(Beginning of Data shown)
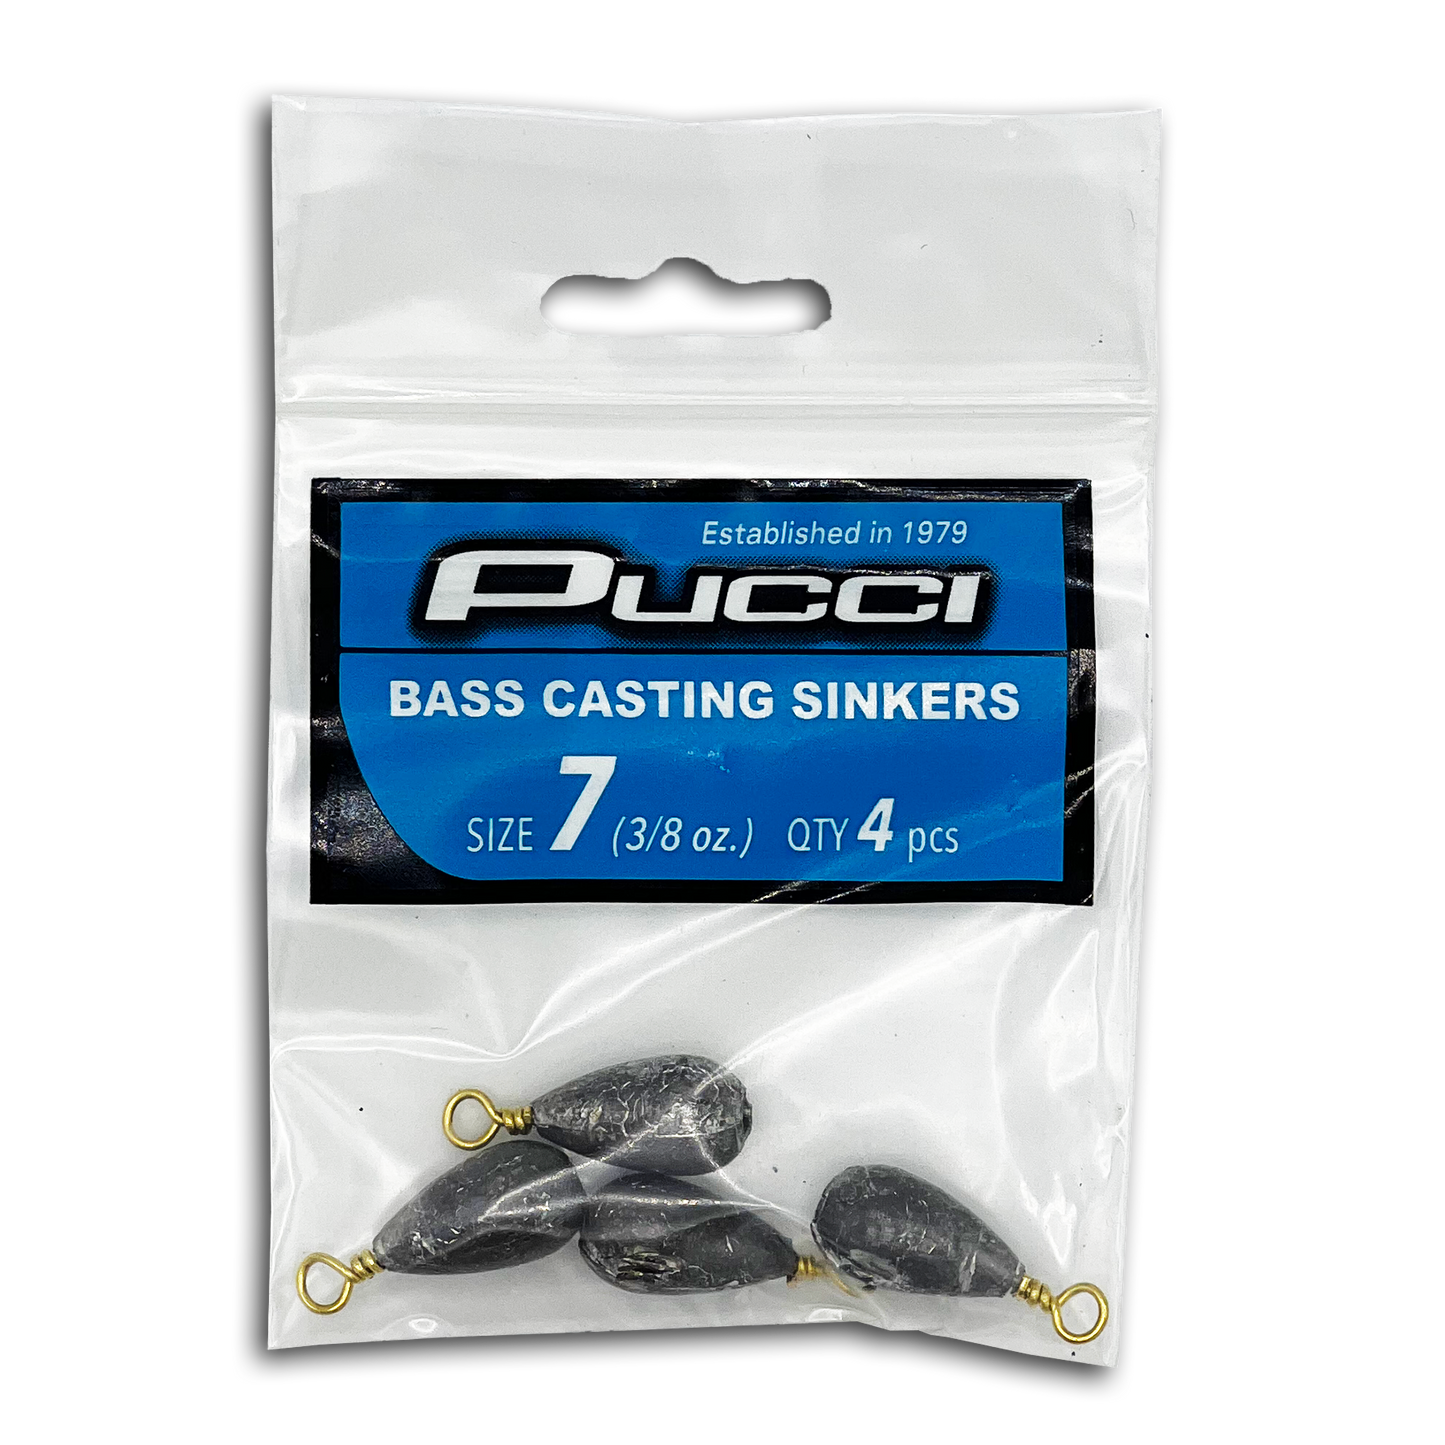 BASS CASTING SINKERS
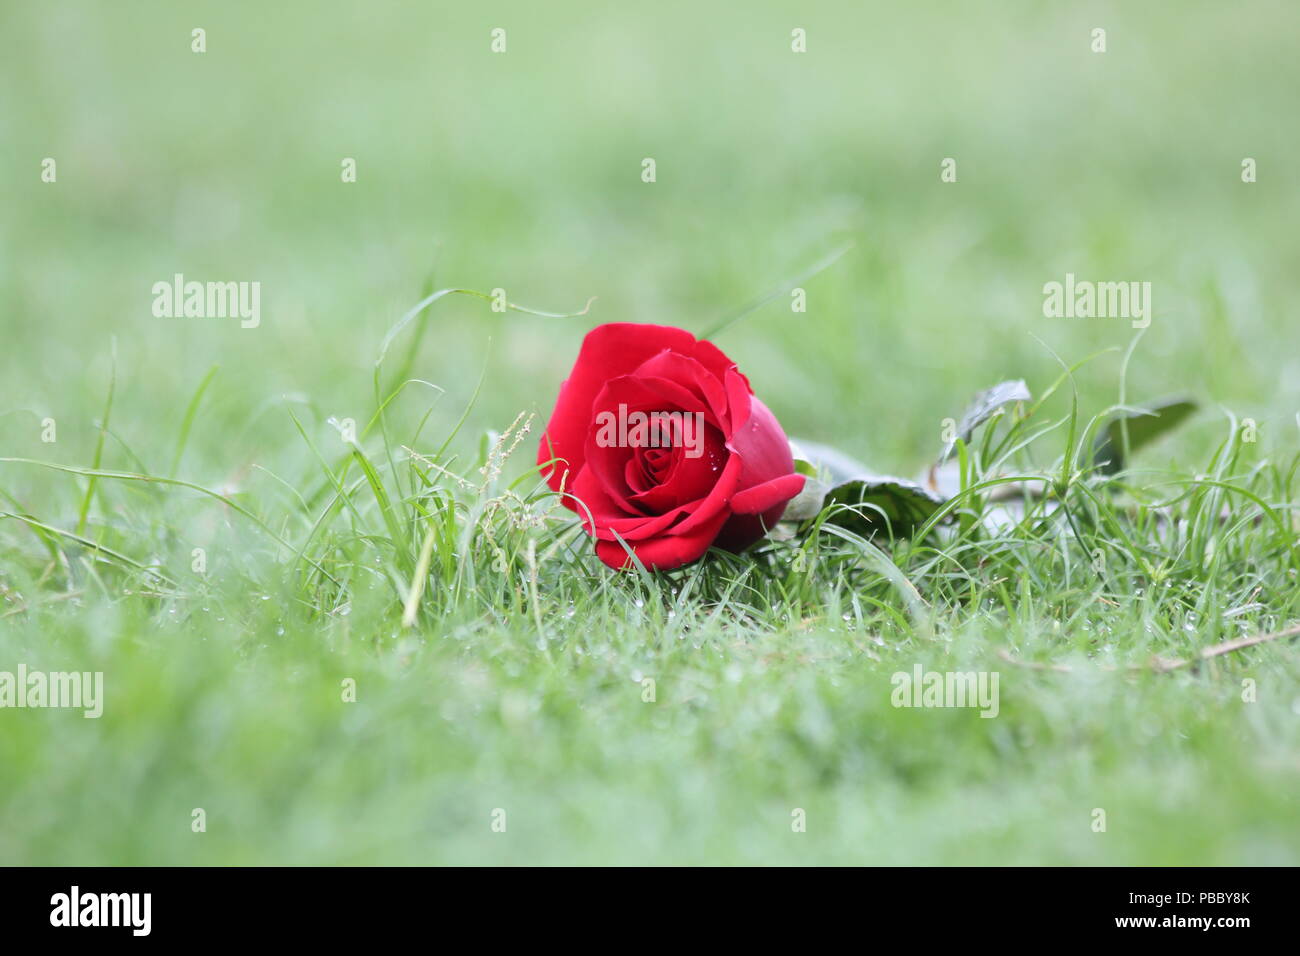 A red rose isolated on green grass background, Stock Photo
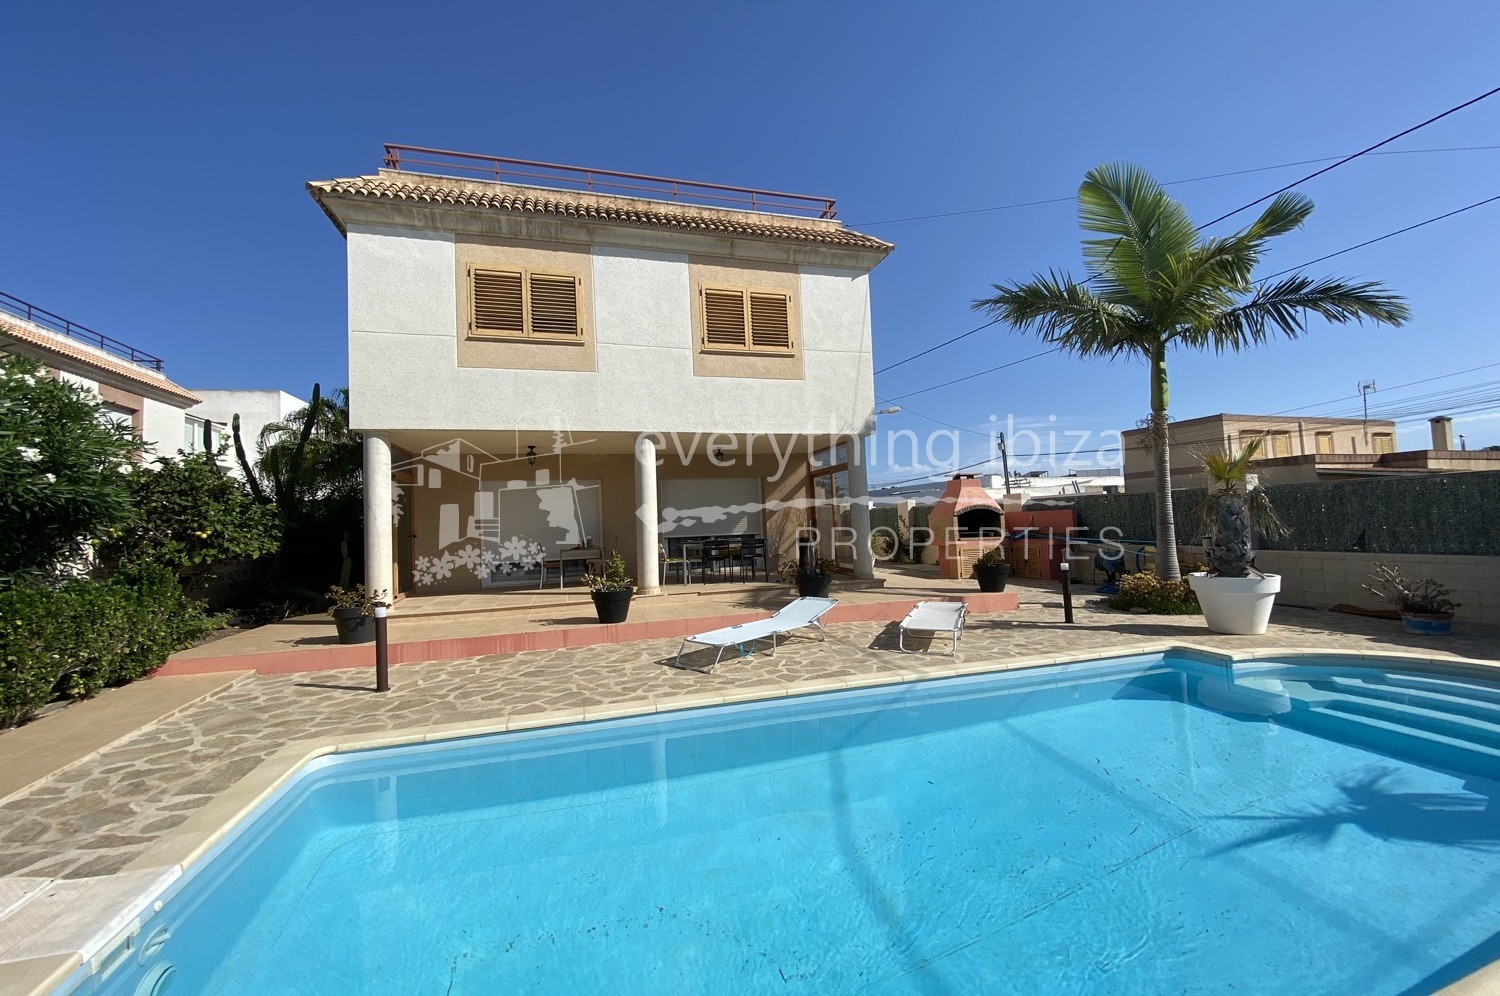 Lovely detached villa for sale by everything ibiza Properties
(End of Data shown)
Transcribe all the data word for word; the images stay out.

 BASS CASTING SINKERS
 A red rose isolated on green grass background, Stock Photo
 Lovely detached villa for sale by everything ibiza Properties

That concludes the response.